------ DATA UNDER STUDY

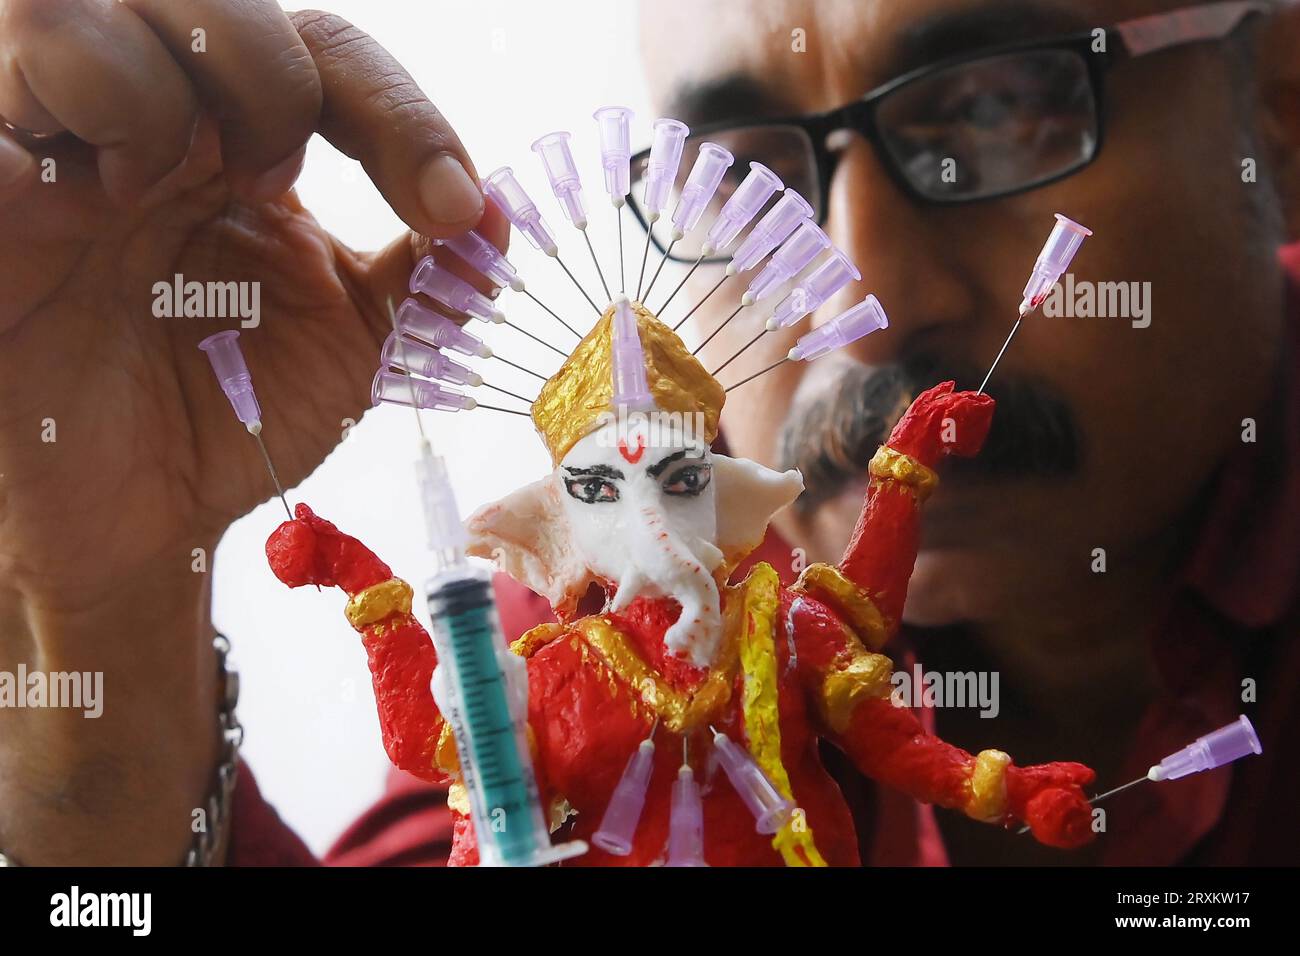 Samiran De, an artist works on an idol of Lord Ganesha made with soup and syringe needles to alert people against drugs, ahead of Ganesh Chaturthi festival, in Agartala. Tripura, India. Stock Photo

------------
------ DATA UNDER STUDY

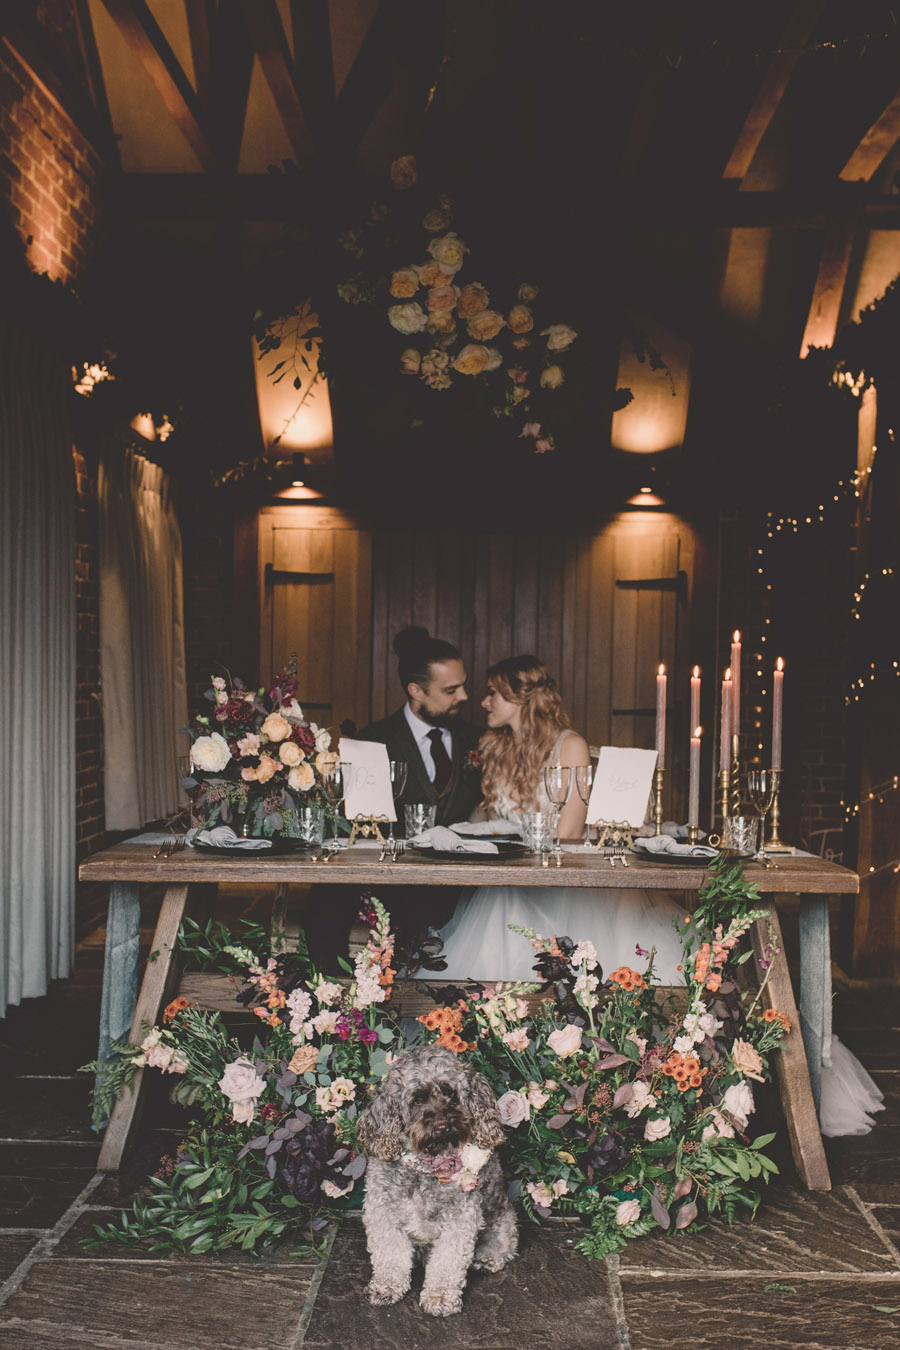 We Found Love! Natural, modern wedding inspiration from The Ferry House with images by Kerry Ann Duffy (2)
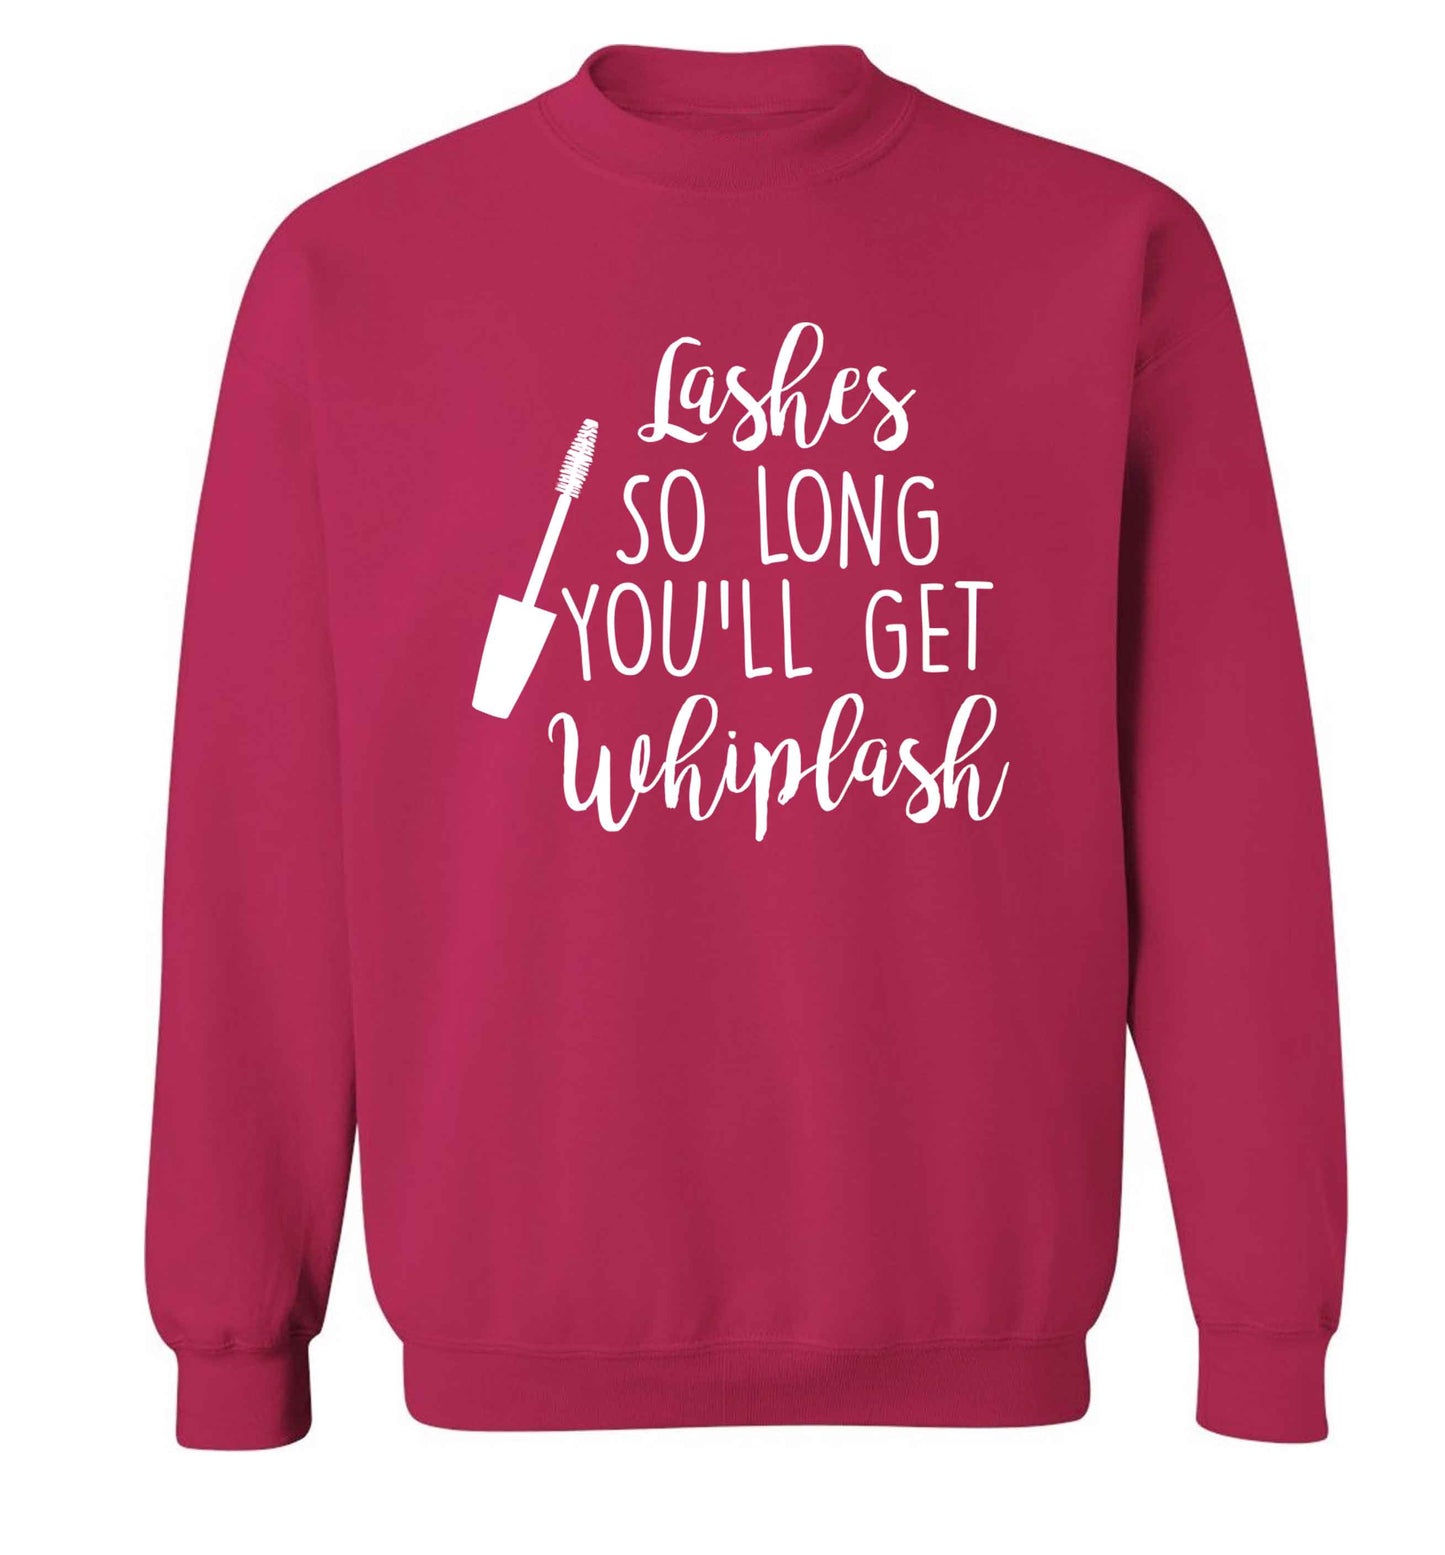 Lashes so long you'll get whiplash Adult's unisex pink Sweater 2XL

------------

What belongs in the answer is each line above from the line with "We Found Love!" to the line with "Lashes so long", inclusive, reproduced exactly and free of pictures.

 We Found Love! Natural, modern wedding inspiration from The Ferry House with images by Kerry Ann Duffy (2)
 Lashes so long you'll get whiplash Adult's unisex pink Sweater 2XL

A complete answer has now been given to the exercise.